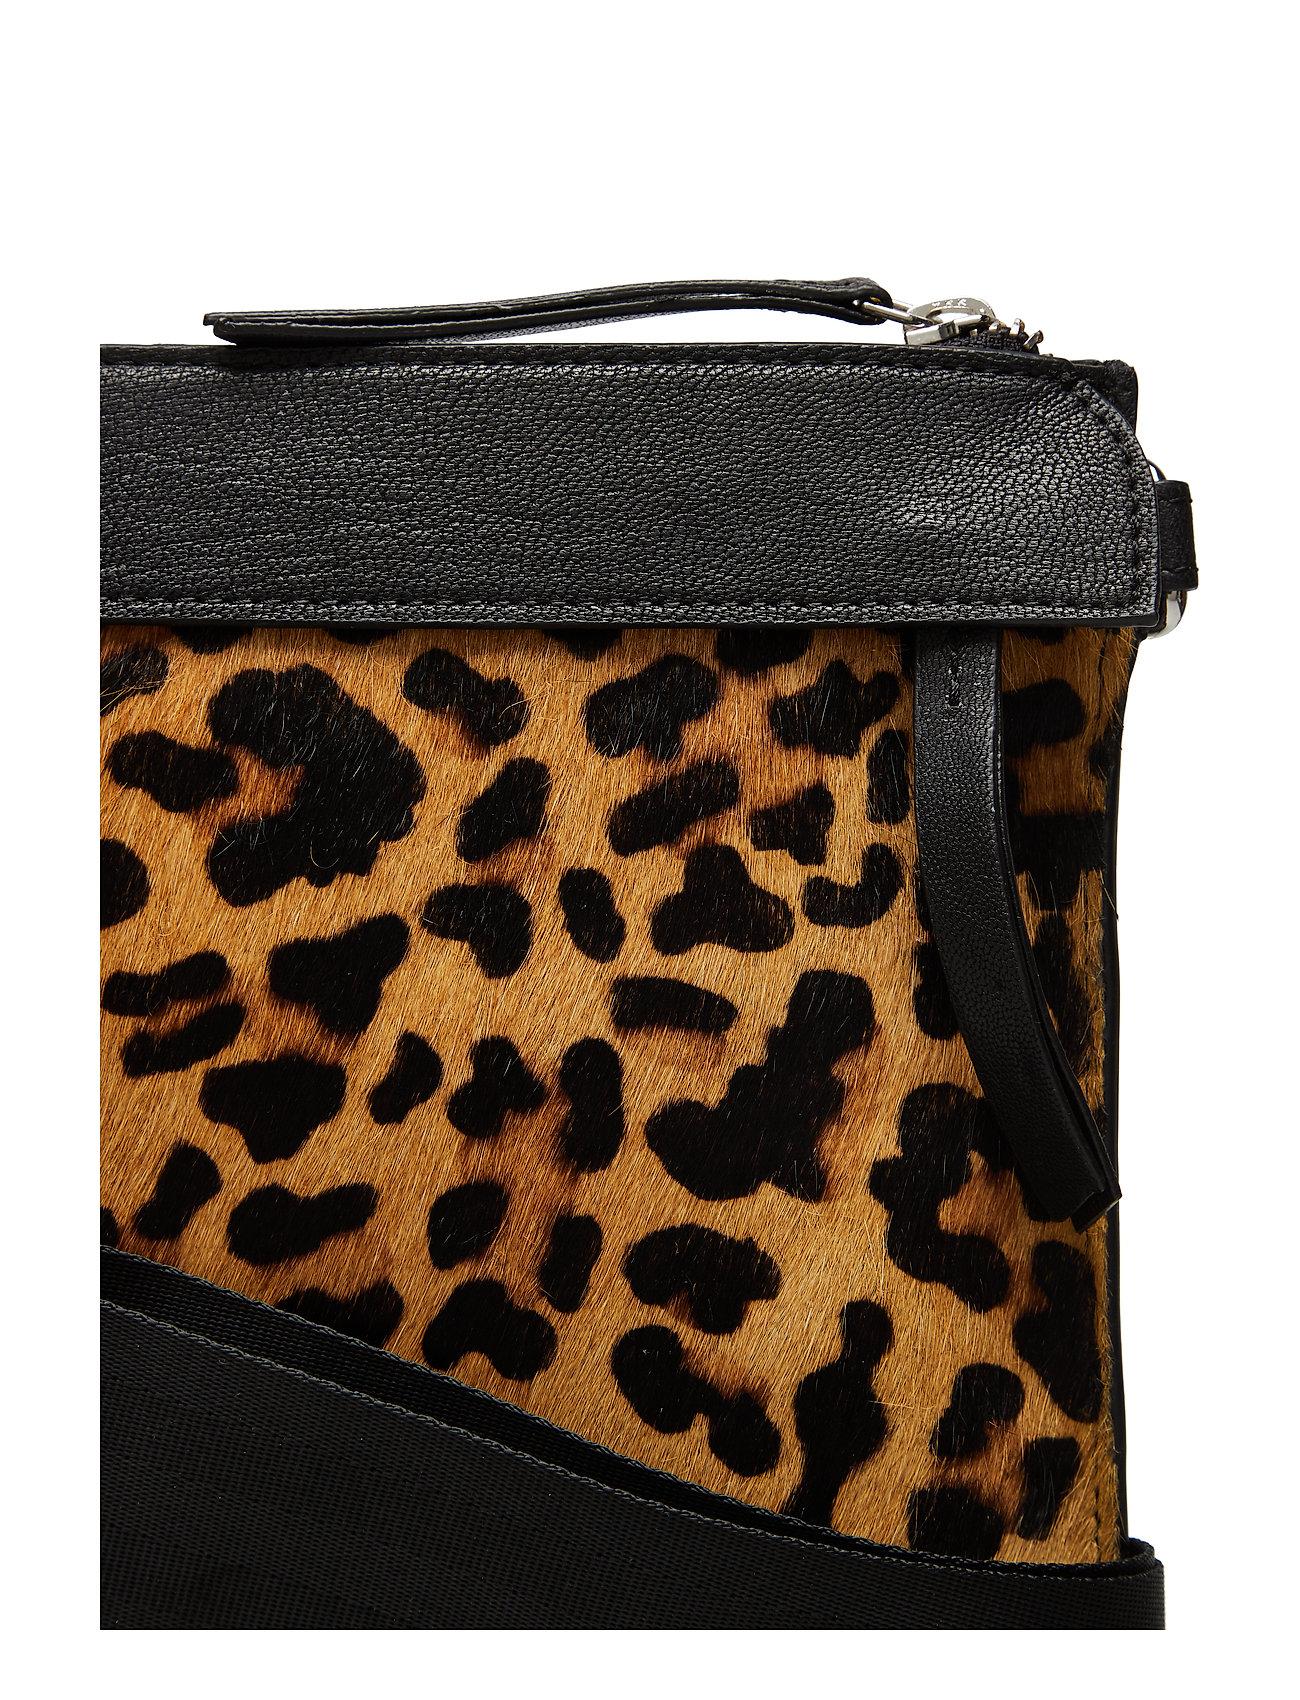 Amalfi Amalfi Bag CelinaleopardAdax Amalfi Bag Bag CelinaleopardAdax Shoulder Amalfi Shoulder CelinaleopardAdax Shoulder Shoulder 54jqR3AL
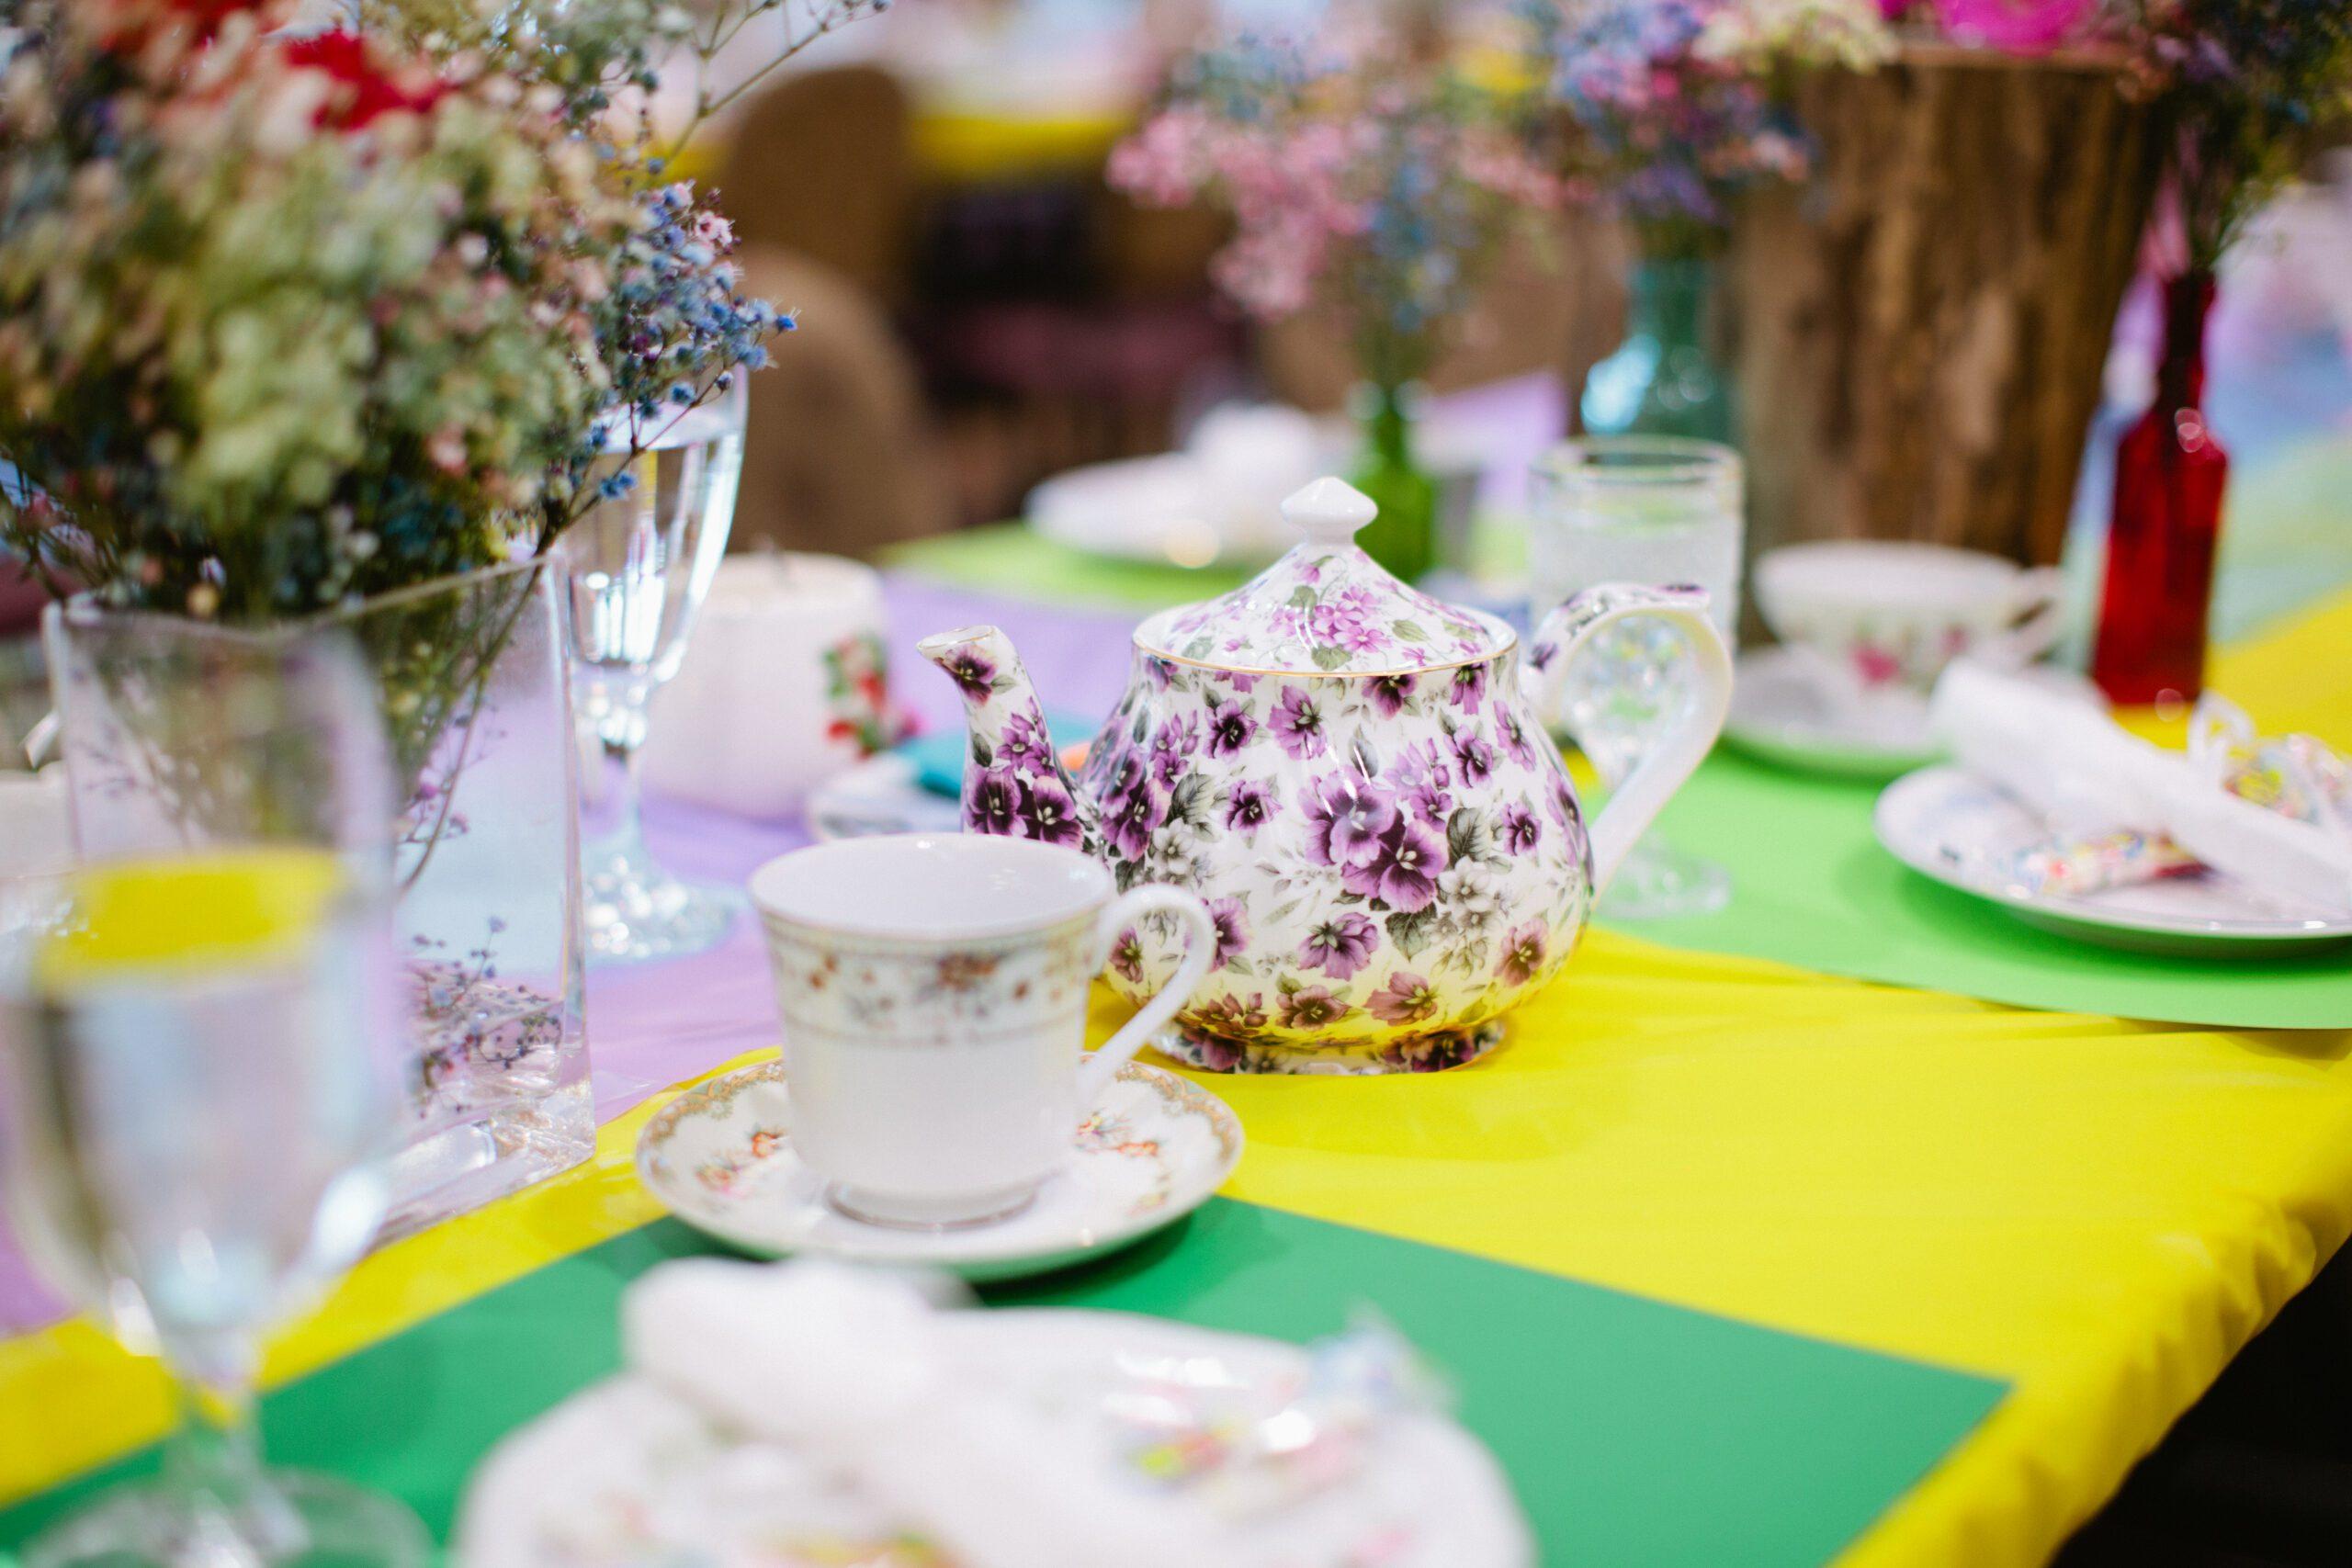 Mother Daughter Tea Party: Memories that last a lifetime
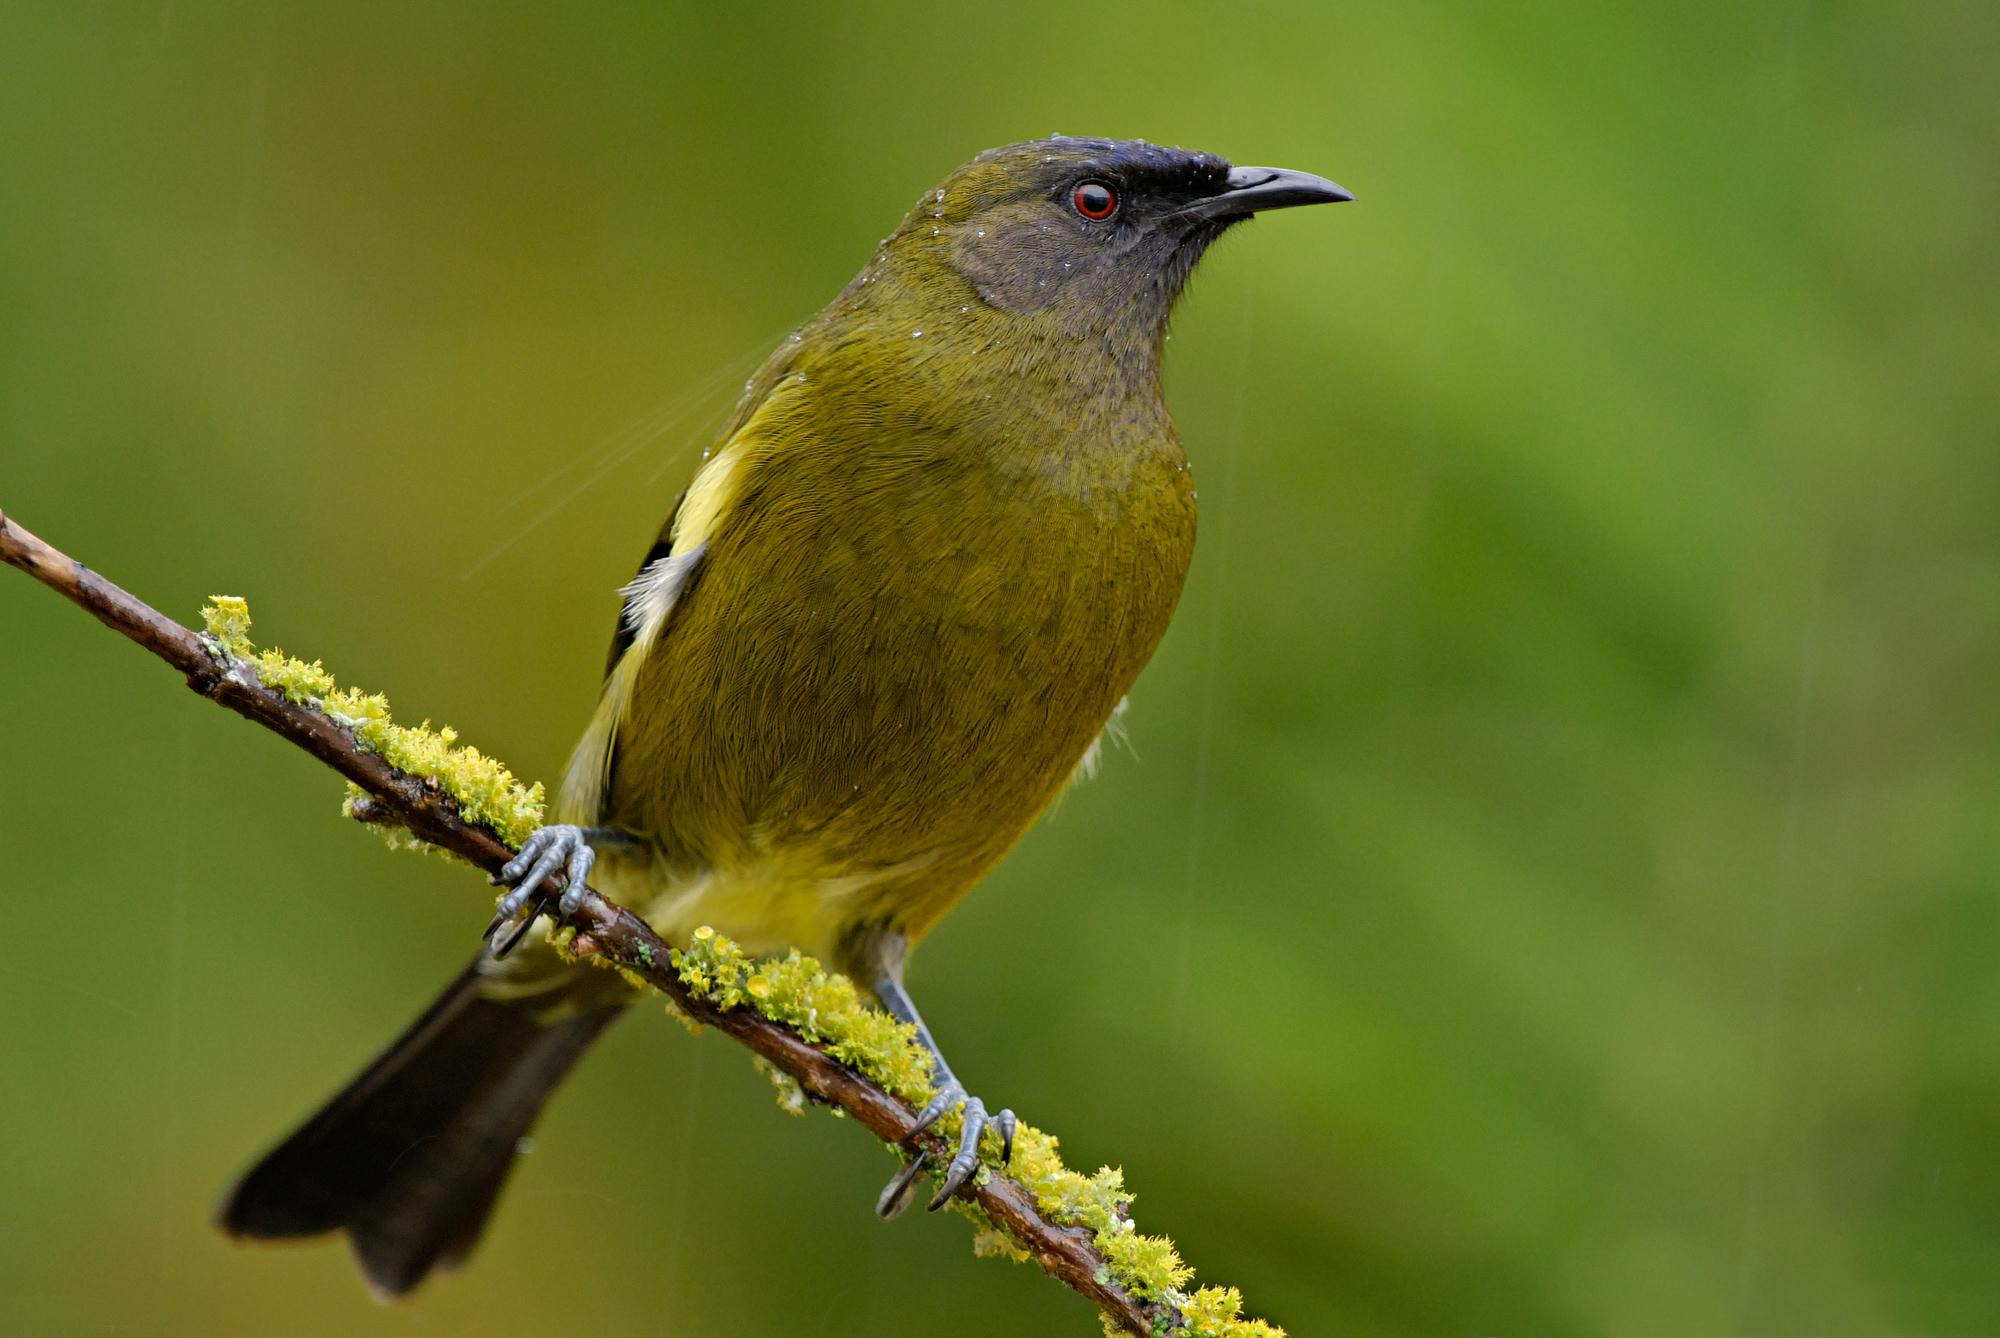 Bellbird. Adult male. Dunedin, July 2009. Image © Craig McKenzie by

Brief = Each line above has to be returned exactly. Drop the pictures.

Answer space =
 Amalfi Amalfi Bag CelinaleopardAdax Amalfi Bag Bag CelinaleopardAdax Shoulder Amalfi Shoulder CelinaleopardAdax Shoulder Shoulder 54jqR3AL
 Mother Daughter Tea Party: Memories that last a lifetime
 Bellbird. Adult male. Dunedin, July 2009. Image © Craig McKenzie by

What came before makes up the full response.